Now we can turn our attention to the power of this design. The PROC GLMPOWER procedure will provide the power of the design.

```
/* Full Mixture Model */
title "Full Mixture Model";
proc glmpower data=dsgn;
model ysim=x1 x2 x3 x1*x2 x1*x3 x2*x3;
power
alpha = 0.05
ntotal = 12
stddev=0.066
power = .;
run;
```

PROC GLMPOWER requires the model statement where we get to specify our full model. We need to add the POWER statement with options (for this example) for alpha, number of observations, standard deviation, and power. I specified an alpha of 0.05 for the typical 95% confidence level. The design had 12 runs, so ntotal is 12. The standard deviation is 0.066 as we noted earlier, so that is the value that is entered on the STDDEV option. Finally, the power is set equal to a missing value which tells the procedure to solve for power. Unfortunately PROC GLMPOWER does not allow a noint option to truly fit the Scheffe model. This will become apparent on the results.

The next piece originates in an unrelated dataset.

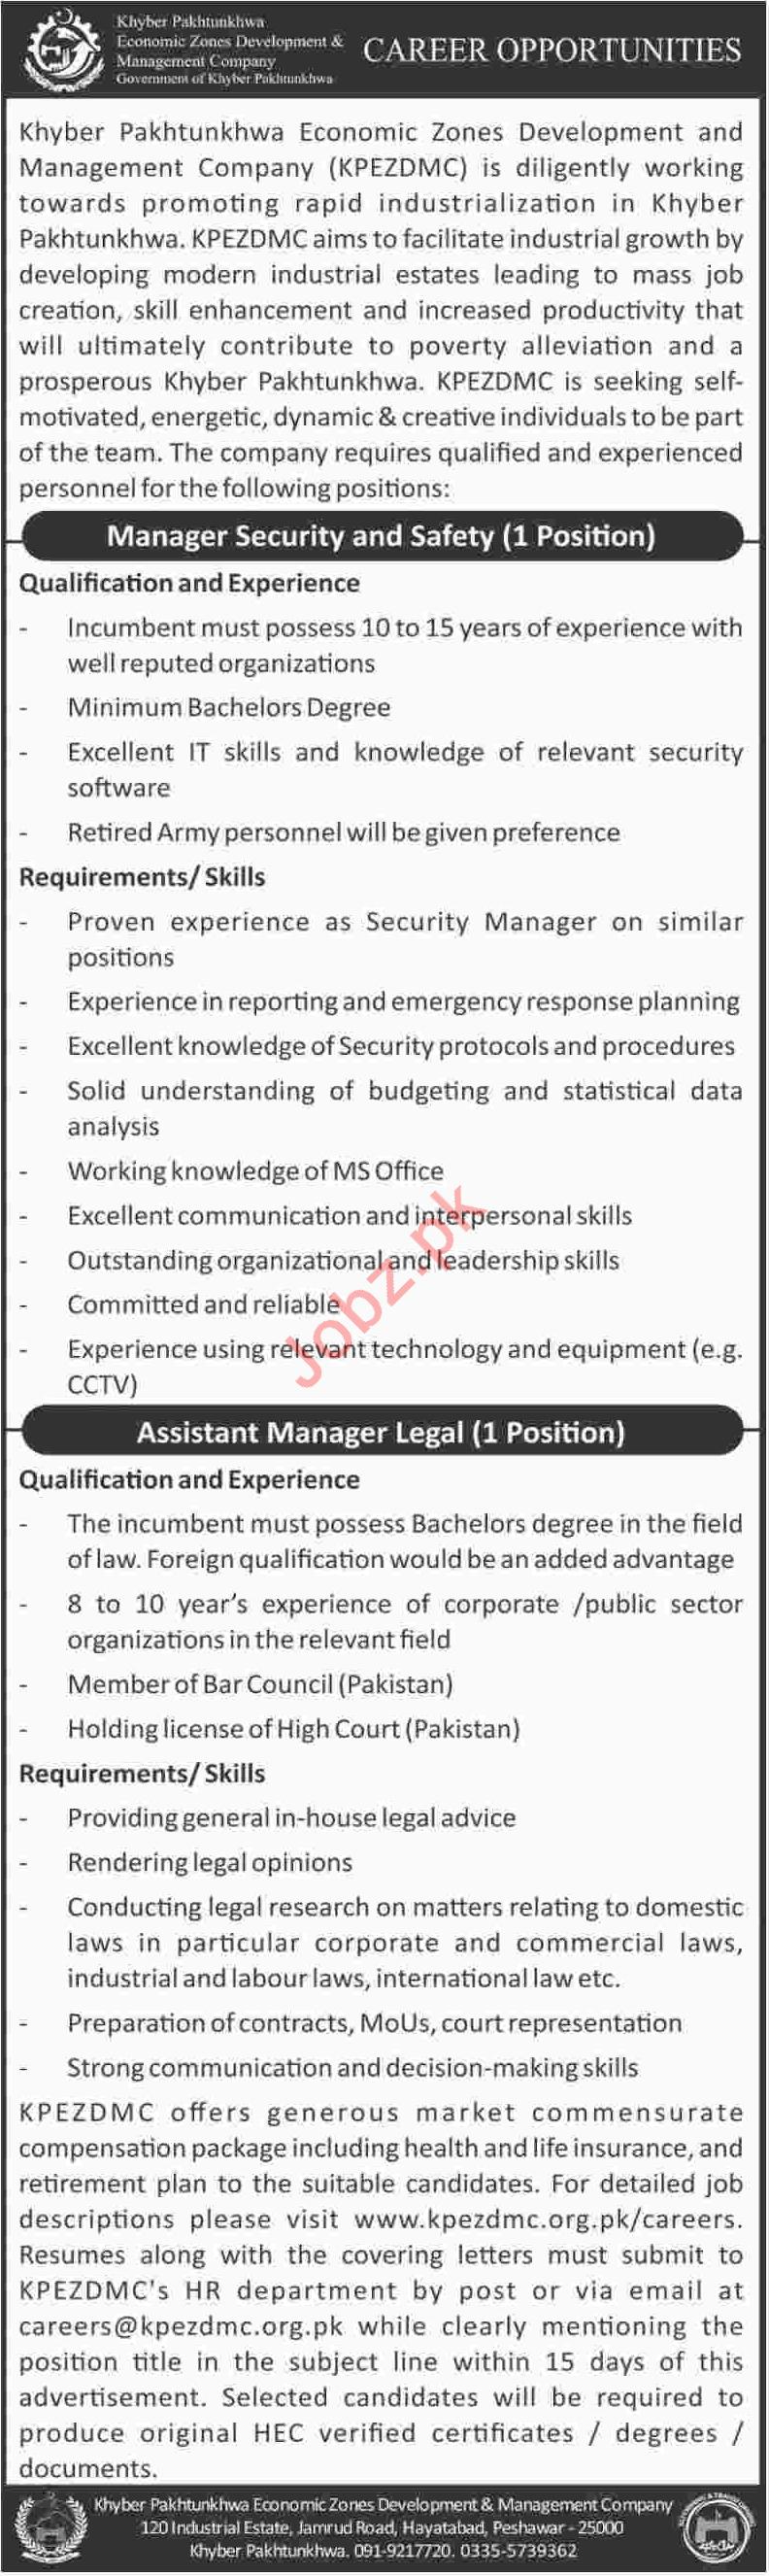 KP Economic Zones Development & Management Company Jobs 2018

Because of the inherent singularity in the design matrix, the power for the main effects, X1, X2, and X3, cannot be calculated. The power for all the quadratic/cross-product terms is fairly low. We will explore why this is a bit later. Rather, I would like to get a power estimate for the main effects. This is where the prior post on analyzing a mixture experiment comes into play again. We can estimate a Scheffe mixture model by removing one of the main effects. I will start by removing the X3 term. All other aspects of the PROC GLMPOWER procedure will remain the same.

```
/* Mixture Model with X3 removed */
title "Mixture Model with X3 Effect Removed";
proc glmpower data=dsgn;
model ysim = x1 x2 x1*x2 x1*x3 x2*x3;
power
alpha = 0.05
ntotal=12
stddev=0.066
power=.;
run;
```

The results will now display the power for the X1 and X2 main effects along with the power estimates of the cross-product terms as before.

We can see that the power for X1 is very low, only 0.095. Why is this so low? The power for X2 is 0.27, which is quite a bit better, but still very low. And how can we determine the power for the X3 term?

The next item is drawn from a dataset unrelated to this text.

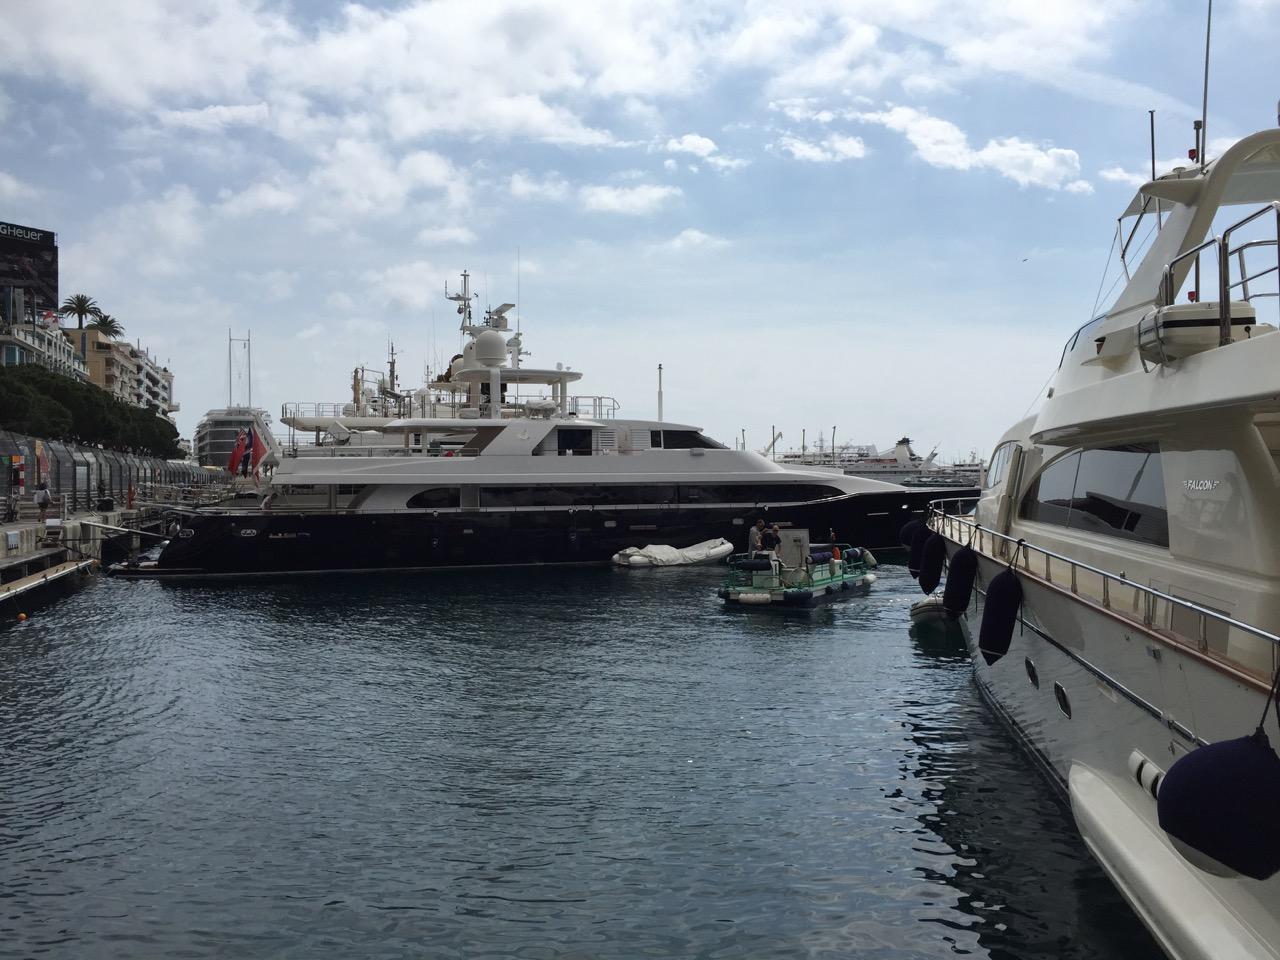 Lady in Blue at berth in Monaco on Quai Kennedy for the Grand Prix

The X3 power can be determined by repeating the same approach, but removing the X2 term (or X1) and putting X3 back into the model.

```
/* Mixture Model with X2 removed */
title "Mixture Model with X2 Effect Removed";
proc glmpower data=dsgn;
model ysim = x1 x3 x1*x2 x1*x3 x2*x3;
power
alpha = 0.05
ntotal=12
stddev=0.066
power=.;
run;
```

The results are the same as before, but with the X3 power displayed, which is 0.27, instead of the power for X2.

Now we can finally turn our attention to why the power is so low.Since we know what this model is, we can explore the low power. Certainly some of the low power is due to the multicollinearity found in the data, but there is more. The narrow range for the X1 component also causes some difficulties. Look at the plot of the YSim response and X1 with an overlaid linear regression line and the actual quadratic relationship that was used to generate the response.

The curves are certainly very different. However, X1 only ranges from 0 to 0.1. If we zoom in on just that portion of the X1 range we see a very different picture.

Over the range where the data will be collected the difference between the linear fit and the quadratic fit is almost indistinguishable. The model is not really able to distinguish between the line and a quadratic fit due to the very narrow range. For this reason it is important to have the ranges for your components be as wide as possible in order to magnify the differences between the different possible models.